» Given data:
....................

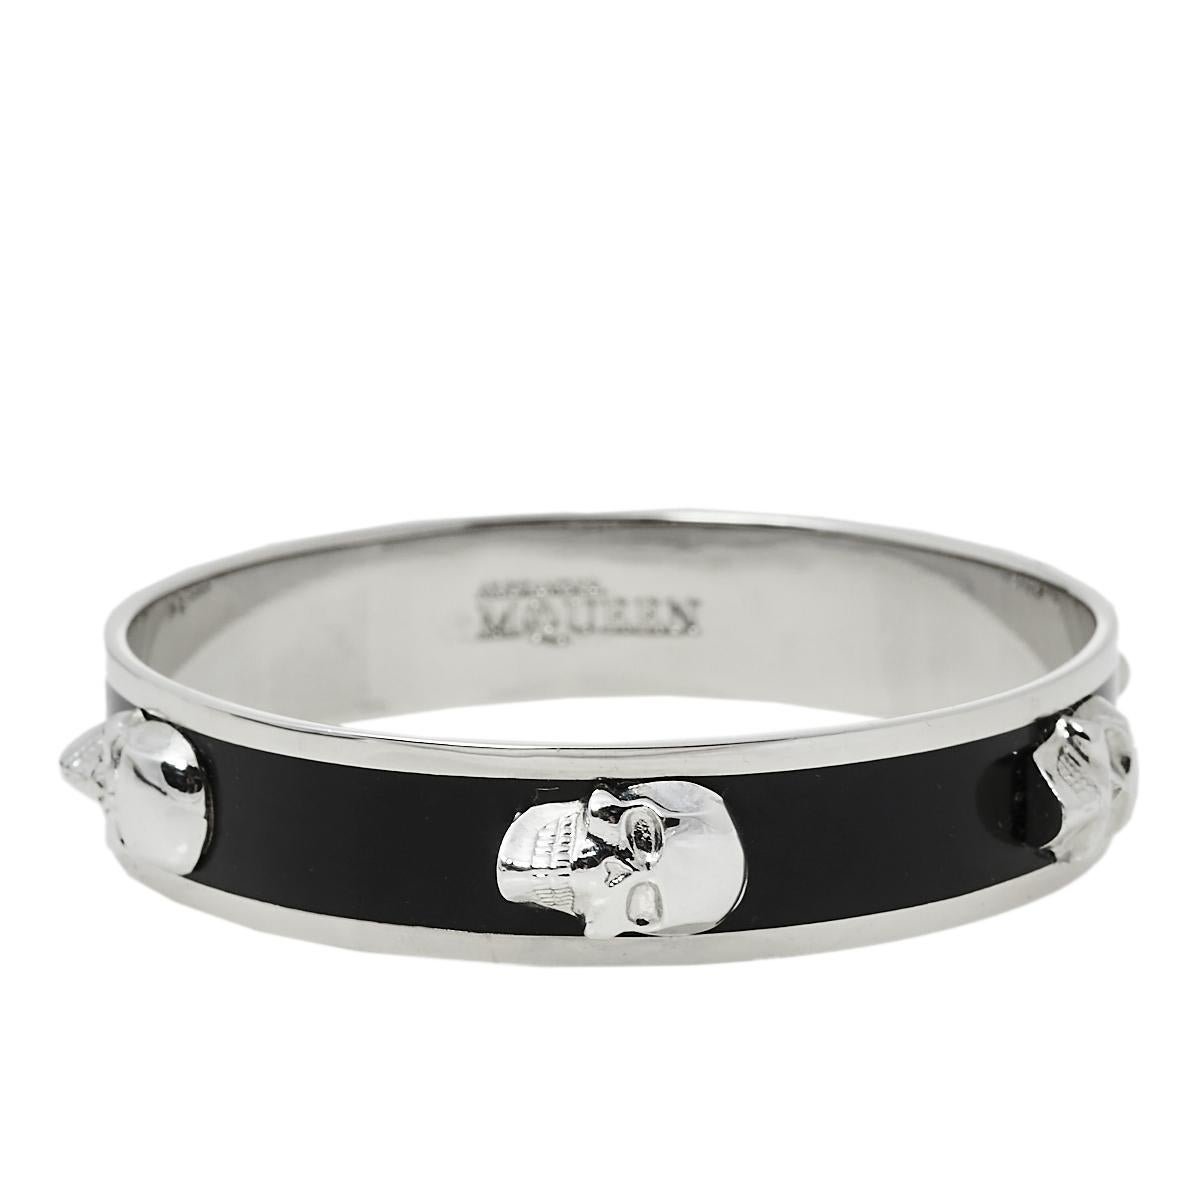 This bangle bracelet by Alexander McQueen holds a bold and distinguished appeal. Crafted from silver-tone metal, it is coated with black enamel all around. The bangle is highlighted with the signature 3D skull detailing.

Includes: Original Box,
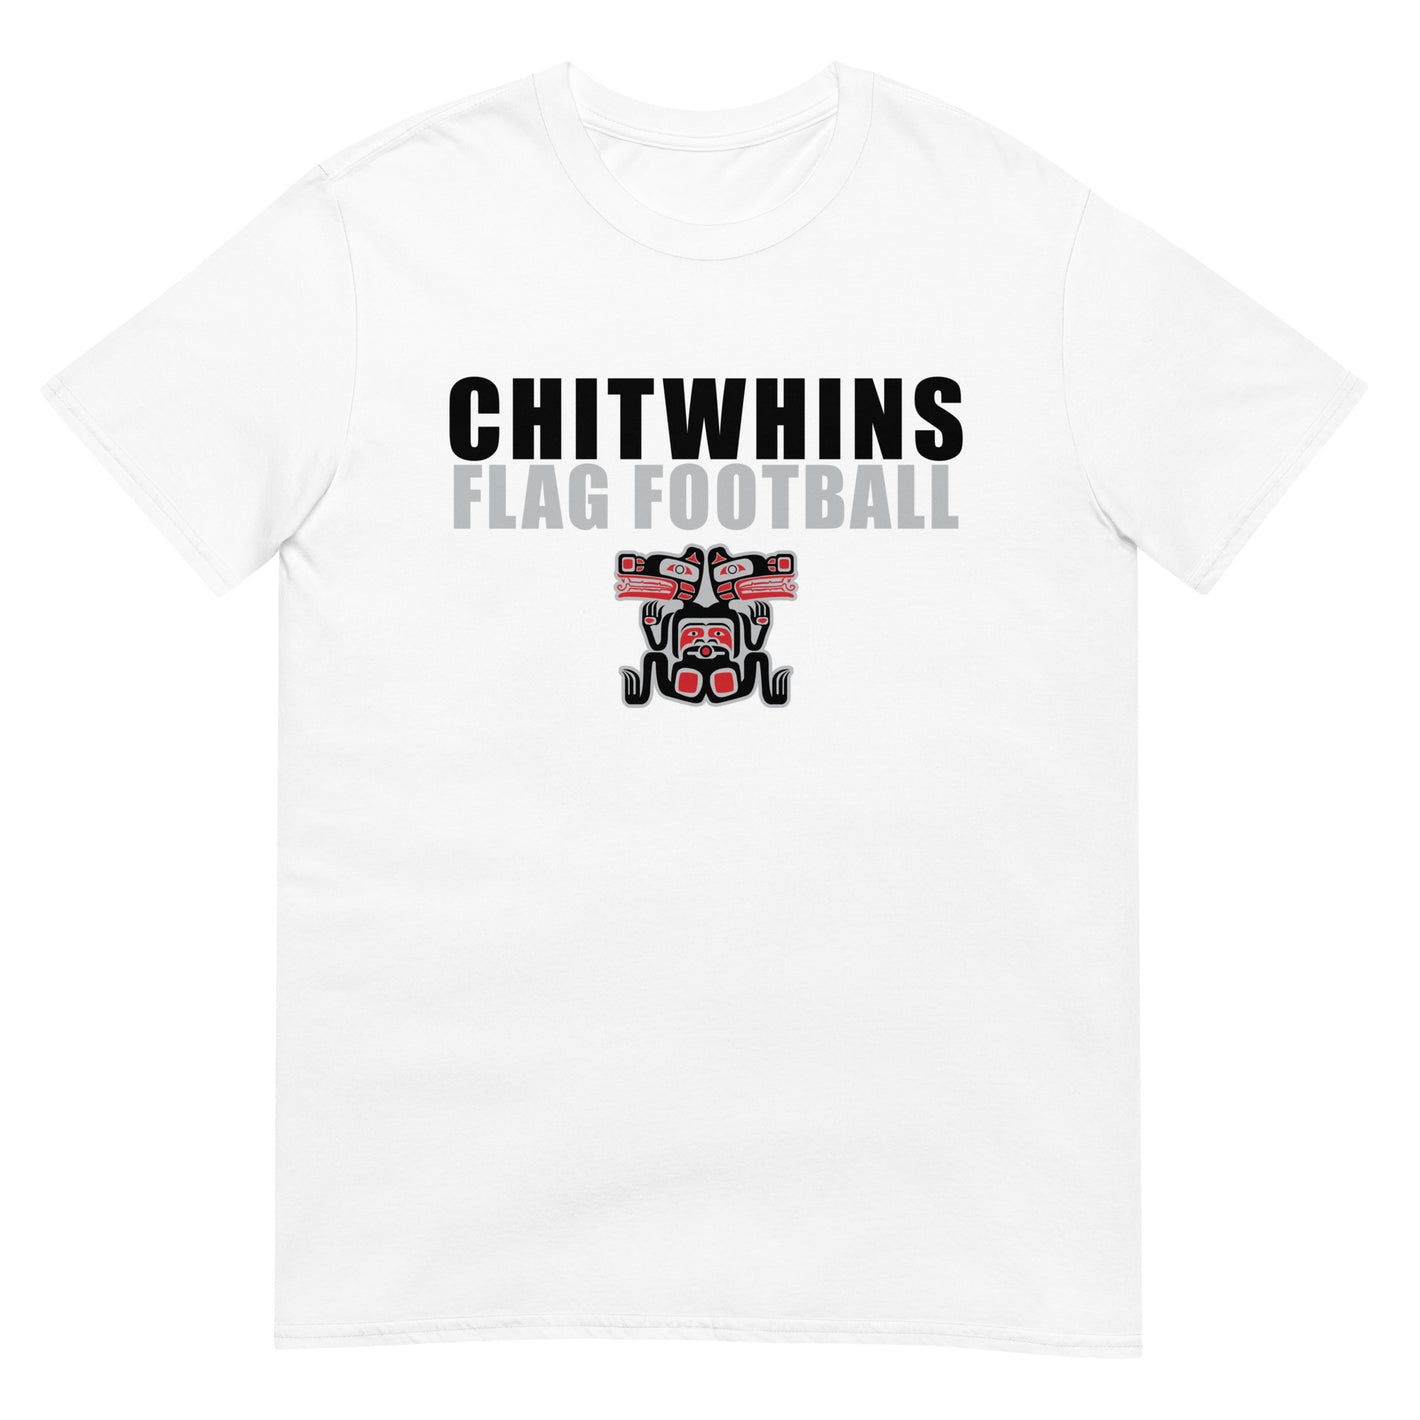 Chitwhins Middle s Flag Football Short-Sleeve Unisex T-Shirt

....................

» What you should do: The full listing must come back exactly as written, with its pictures left out.

» The answer:
 This bangle bracelet by Alexander McQueen holds a bold and distinguished appeal. Crafted from silver-tone metal, it is coated with black enamel all around. The bangle is highlighted with the signature 3D skull detailing.

Includes: Original Box,
 Chitwhins Middle s Flag Football Short-Sleeve Unisex T-Shirt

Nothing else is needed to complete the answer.